Una historia de colonialismo cerebral (Diego Delgado para CTXT.ES)

 Reproducimos este artículo de CTXT.ES

Resulta devastador comprobar cómo el éxito rotundo de la estrategia neoliberal ha alejado el debate de las estructuras que apuntalan la invasión del interés económico en las aulas

La educación se ha convertido en un producto de consumo más, abandonando su lugar histórico dentro de un grupo de derechos fundamentales cada vez más hueco. Si bien parece que este cambio responde a las lógicas naturales de la sociedad humana occidental, la realidad es otra: tanto esa apariencia de inevitabilidad como los procesos que han impulsado el traspaso de la educación a manos privadas tienen su origen en los baluartes del capitalismo, cuyos intereses son también los más beneficiados por dicha transformación estructural.

Aclarar esto supone, por un lado, exponer los pasos que se han ido recorriendo en pos de la mercantilización de la esfera educativa, y, por el otro, evidenciar que otro sistema es posible, uno que arranque las aulas y el conocimiento de las garras del capital.

La ola neoliberal azota Occidente

Si el neoliberalismo ha logrado invadir hasta el último rincón de nuestras vidas ha sido, en gran parte, por su capacidad para autojustificar tanto su existencia como su expansión obsesiva. Gracias a esta trampa, es tremendamente complejo para cualquier individuo ser capaz de percibir los cambios que sus élites van impulsando en su incansable tarea de colonización a todos los niveles. Así, problemas gravísimos como la eliminación del derecho a la vivienda, la instalación de una precariedad laboral rayana en el esclavismo o, en este caso, la venta de la educación de las nuevas generaciones al mejor postor, pasan de crimen escandaloso contra la democracia a consecuencia ineludible –y, en muchos casos, deseable– derivada de una libertad de mercado a la que le han borrado el apellido. Como resultado, el 99% que sufre por no poder pagarse un techo, por la explotación en su empleo o por la frustración de no ser capaz de formarse como le gustaría, aplaude con fervor a ese 1% que ostenta las riendas del mercado; ese 1% que sí aprovecha una libertad que se parece demasiado a la tiranía.

Con la perspectiva que ofrece el paso del tiempo se hace mucho más sencillo observar cómo las altas esferas del poder económico han ido colando sus artimañas, primero en el discurso hegemónico y, después, en forma de leyes que (des)regulan el ámbito educativo en España.
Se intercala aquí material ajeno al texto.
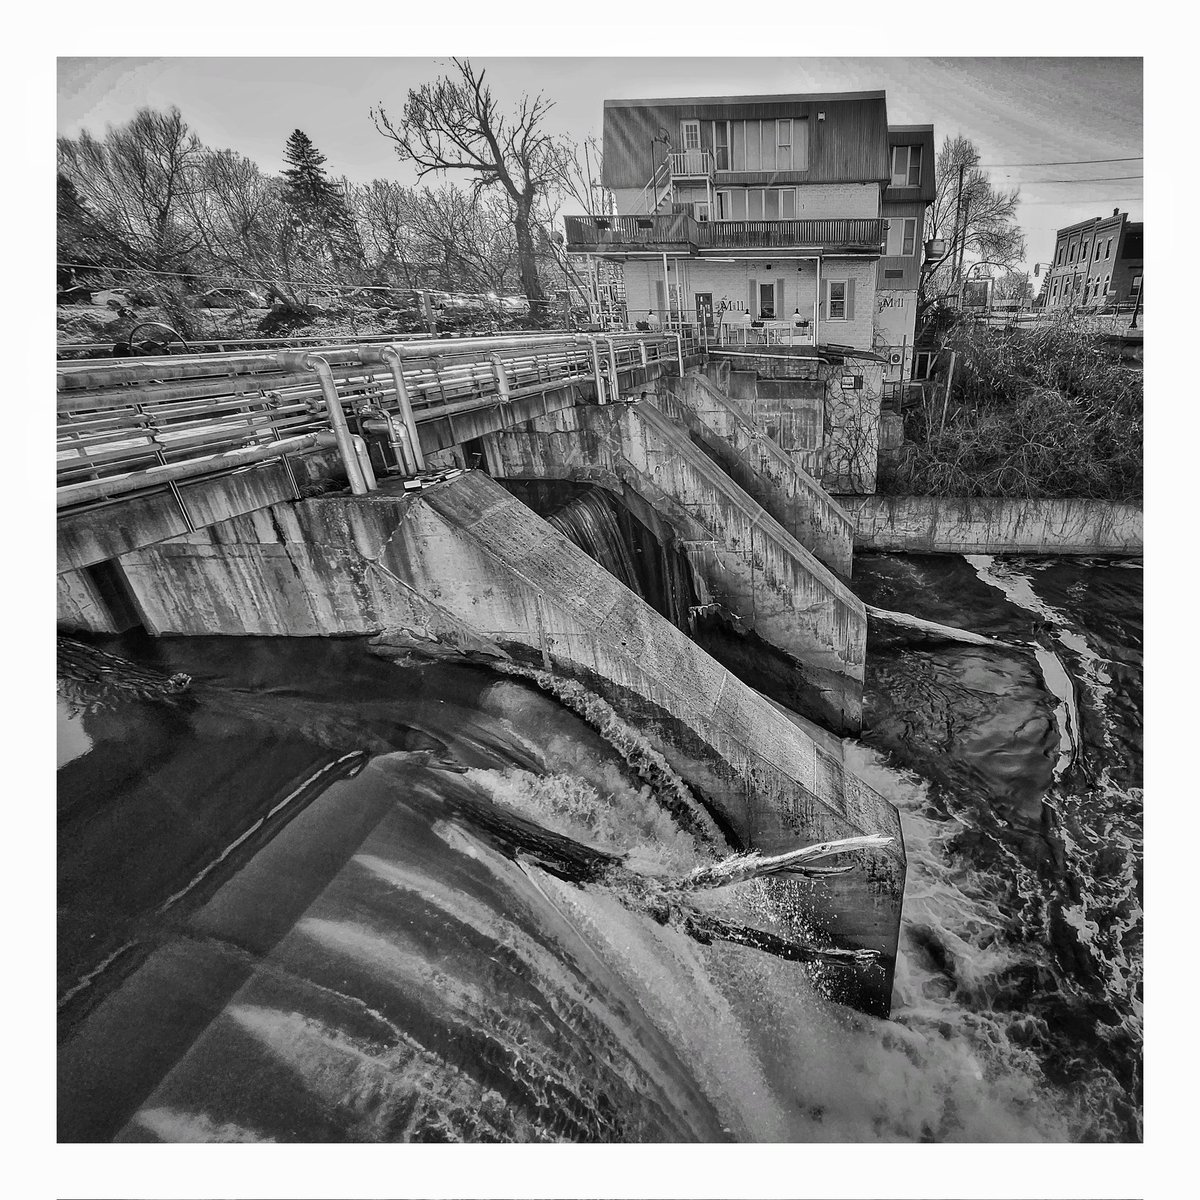 Thornbury Falls. #Thornbury #BlueMountains #Waterfall #Dam #BeaverRiver #HeHeBeaver #Photography

Ya en los años 90 se empezaron a construir las teorías que servirían como armazón ideológico para la transformación estructural que iba a convertir la educación en un bien de consumo en manos del capital privado. Como bien explica Daniel Sánchez Caballero en su reportaje en dos partes, ‘El negocio de la educación’, un potente lobby empresarial europeo redactó en 1989 un informe en el que apuntaba a la educación como una “inversión estratégica vital para el éxito futuro empresarial”.
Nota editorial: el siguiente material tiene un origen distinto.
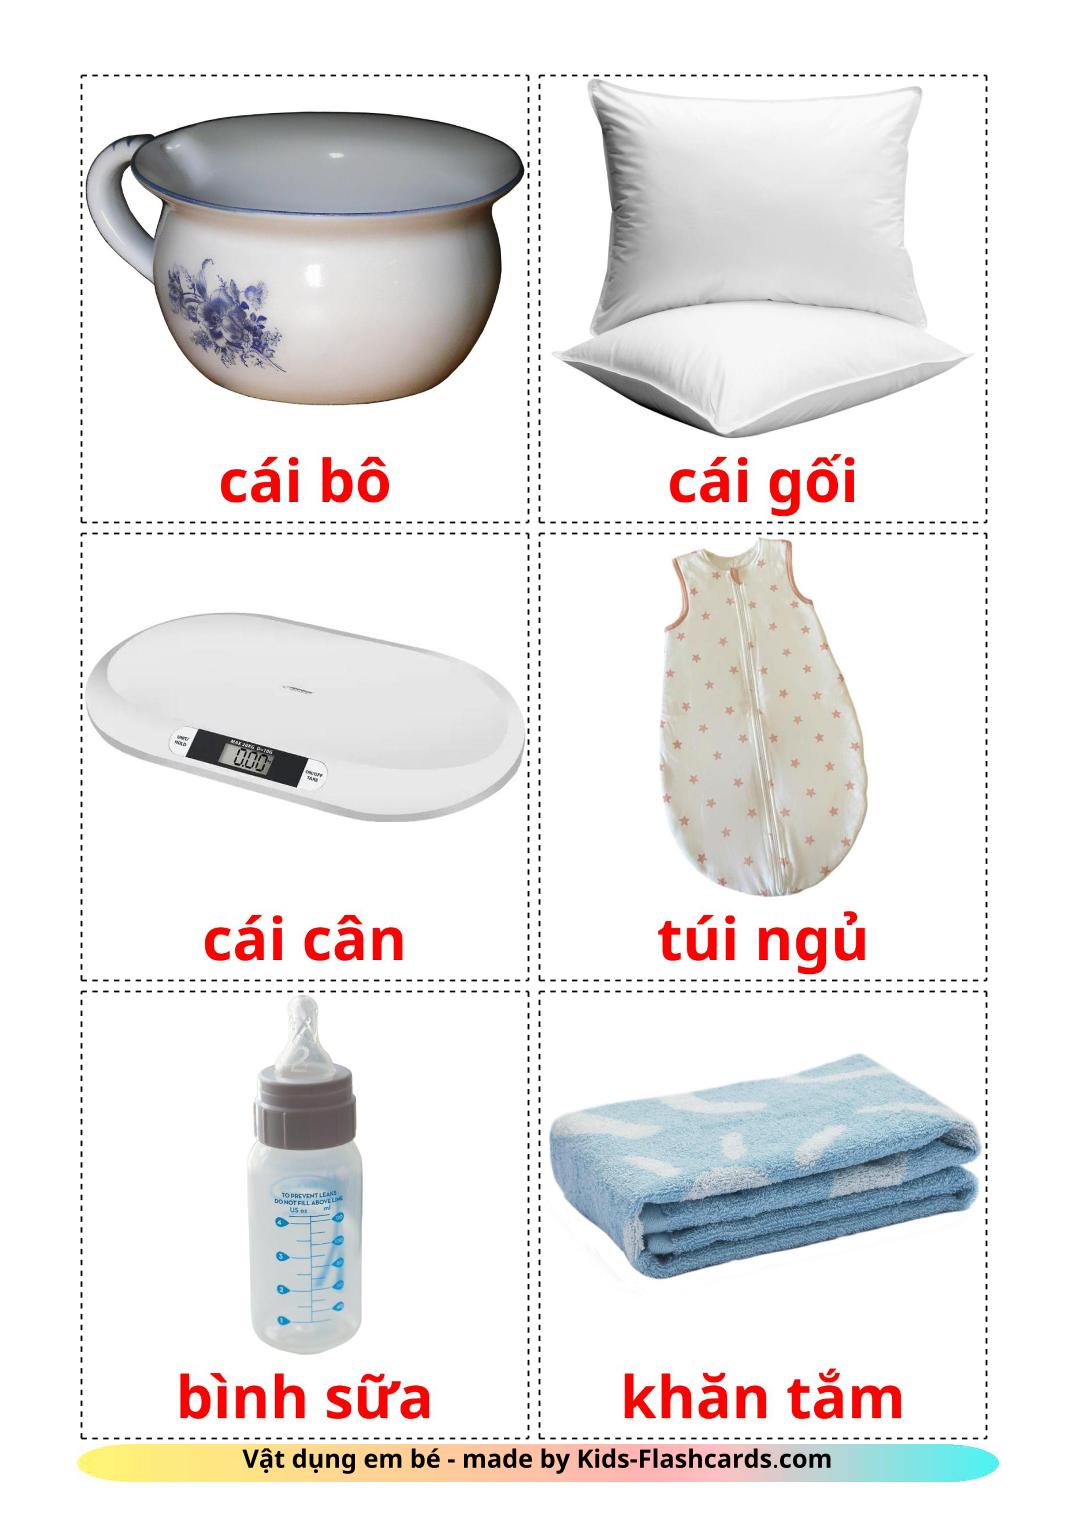 Coisas de Bebê - 19 Flashcards vietnamitaes gratuitos para impressão

Nueve años después, el entonces presidente de Coca-Cola, Glenn R. Jones, consolidó ese discurso con una afirmación tan categórica como terrorífica: “Los empresarios consideran que la enseñanza es un extenso mercado por conquistar”.


Relacionar directamente meras opiniones del mundo empresarial con una transformación tangible del ámbito educativo podría sonar a conspiranoia barata, por lo que se debe ir más allá en la exposición de pruebas argumentales. Quizá la más concluyente tiene que ver con la OCDE, organismo que actualmente cuenta con un peso enorme en la enseñanza a nivel europeo. En su ‘Cuaderno de política económica nº13’, fechado en 1996, Christian Morrison se atrevía a proponer, sin ambages, una estrategia para que los gobiernos estatales pudiesen reducir la calidad educativa con la sutileza necesaria para evitar revueltas ciudadanas: “Se pueden reducir los créditos para el funcionamiento de escuelas y universidades, pero sería peligroso restringir el número de alumnos matriculados. Las familias reaccionarán violentamente si no se matricula a sus hijos, pero no lo harán frente a una bajada gradual de la calidad de la enseñanza, y la escuela puede, progresiva y puntualmente, obtener una contribución económica de las familias o suprimir alguna actividad”.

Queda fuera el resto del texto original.